• _Supplied information_:
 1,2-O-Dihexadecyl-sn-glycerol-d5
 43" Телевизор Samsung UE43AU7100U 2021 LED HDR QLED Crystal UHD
...
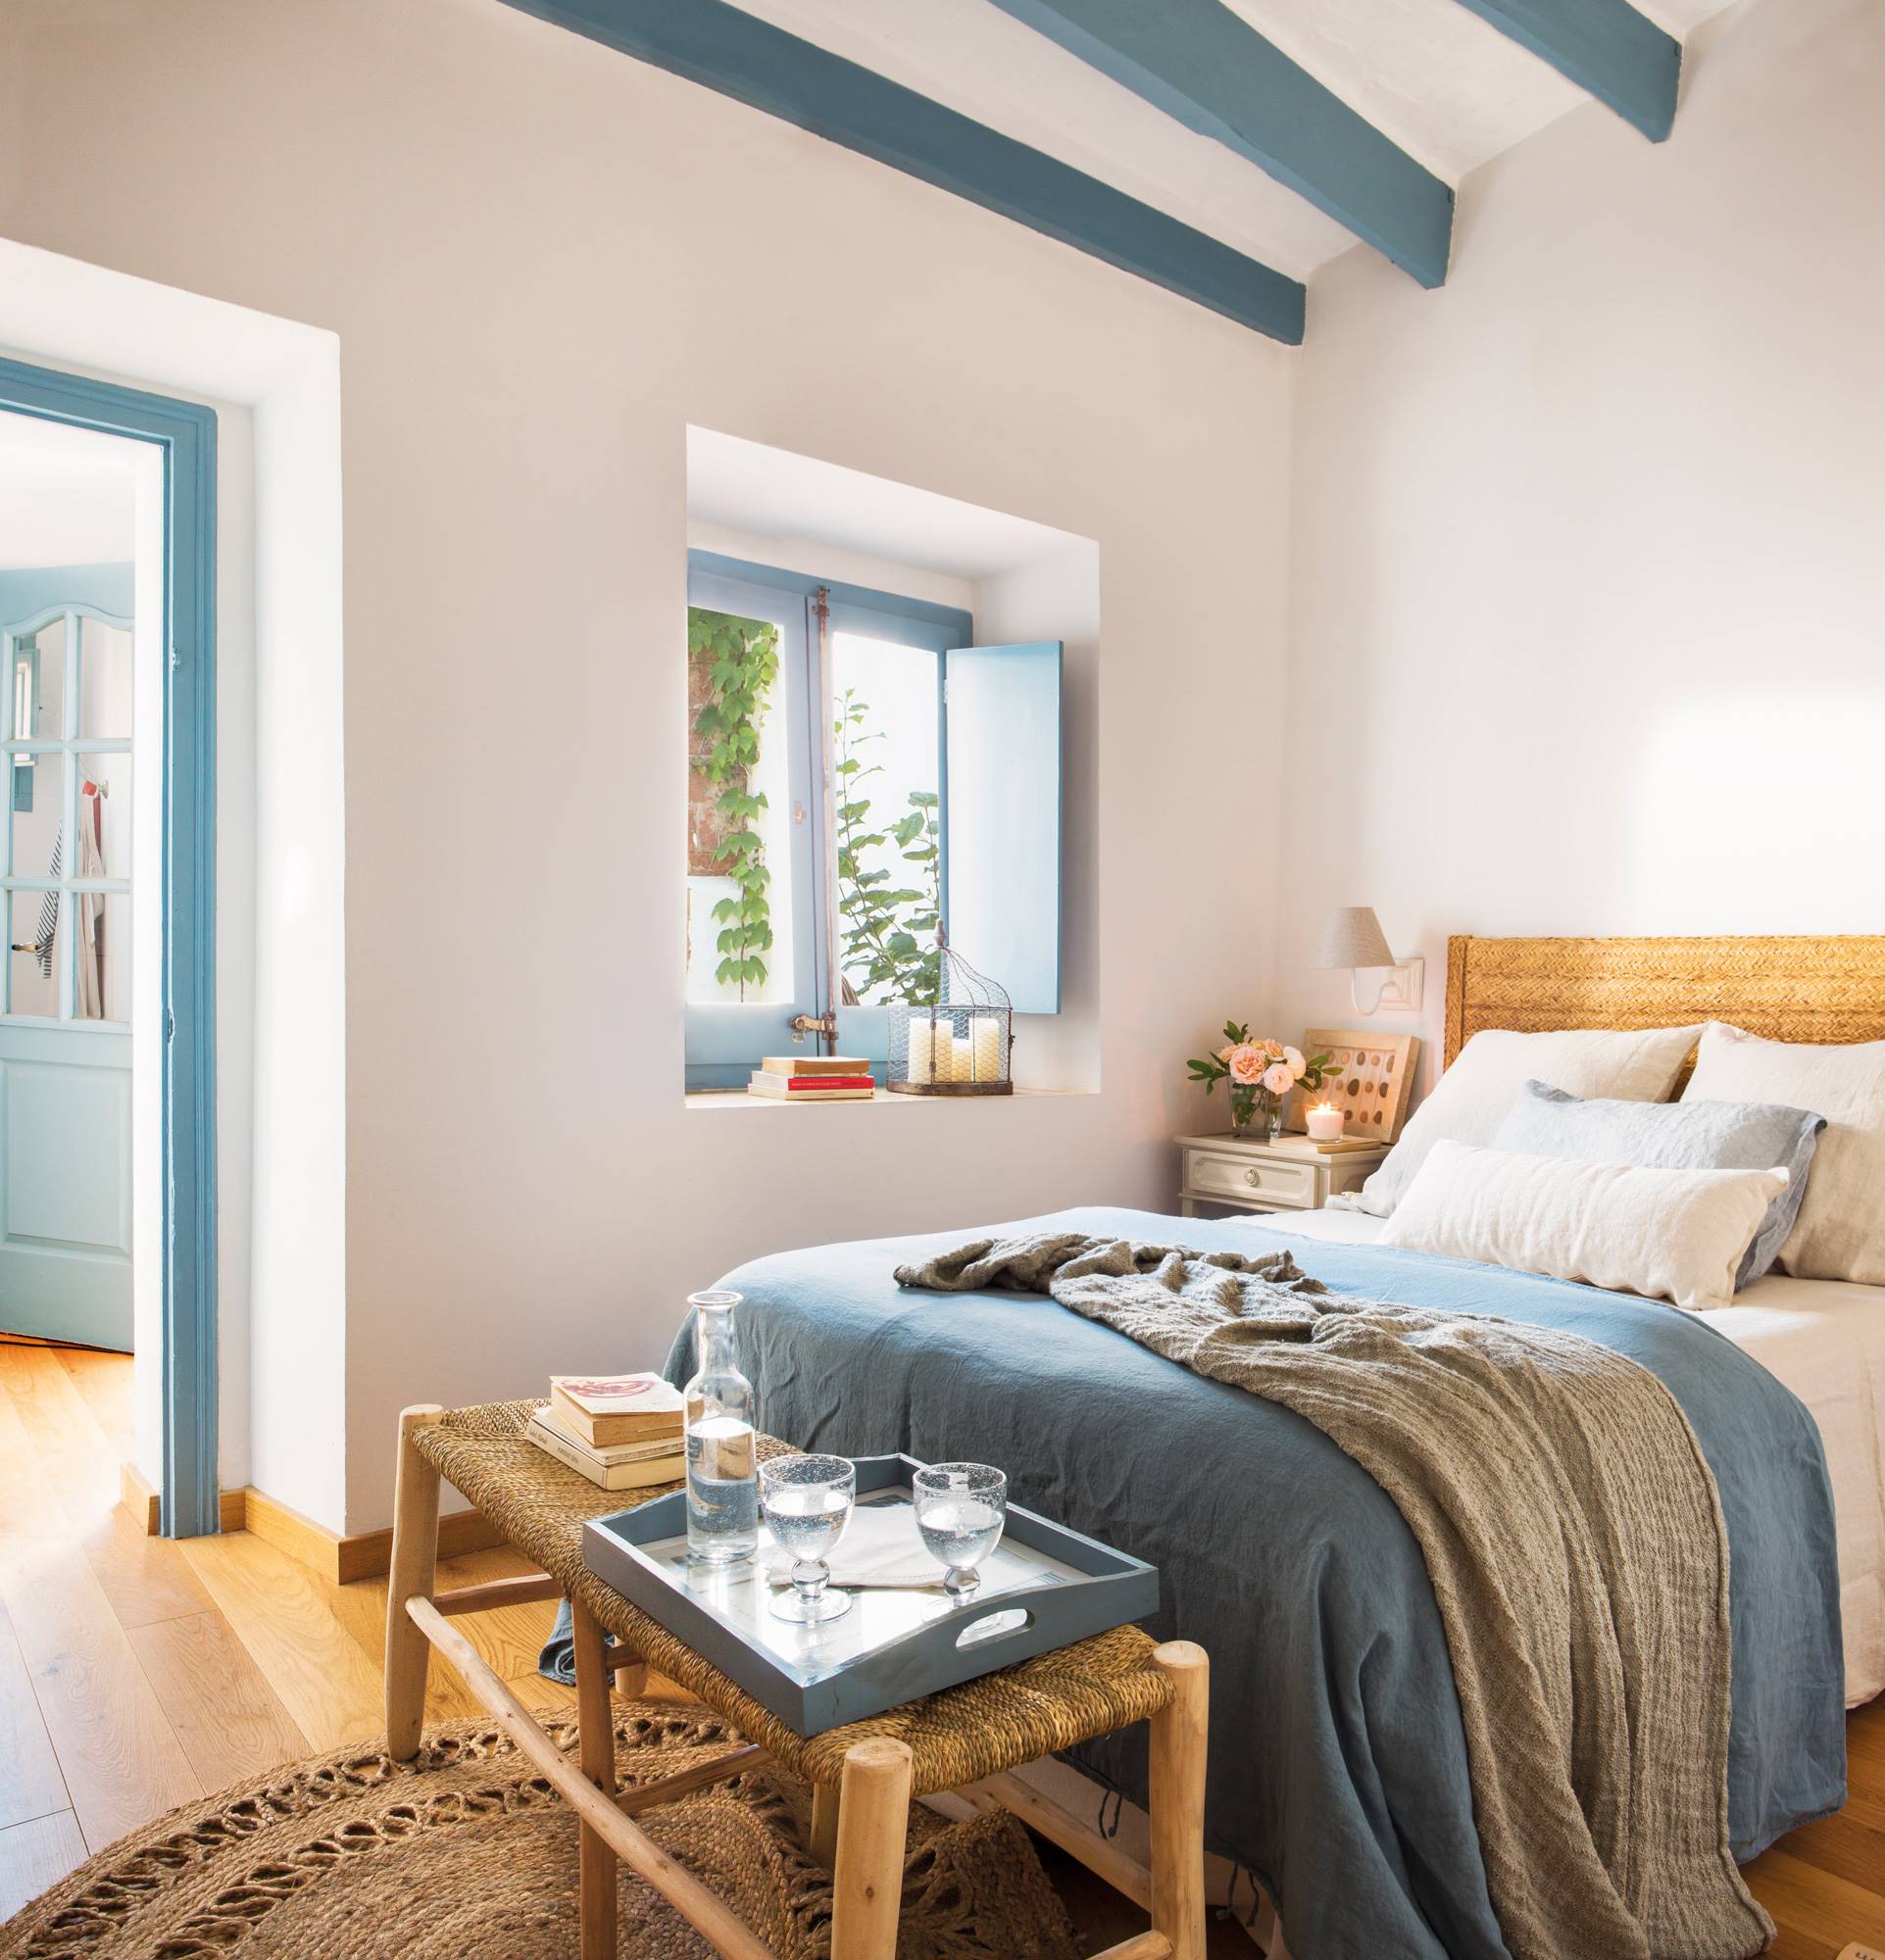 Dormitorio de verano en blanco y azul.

• _What is expected_:
Reproduce only the lines above spanning from the line containing "1,2-O-Dihexadecyl-sn-glycerol-d5" through the line containing "QLED Crystal UHD", word for word.

• _Written response_:
 1,2-O-Dihexadecyl-sn-glycerol-d5
 43" Телевизор Samsung UE43AU7100U 2021 LED HDR QLED Crystal UHD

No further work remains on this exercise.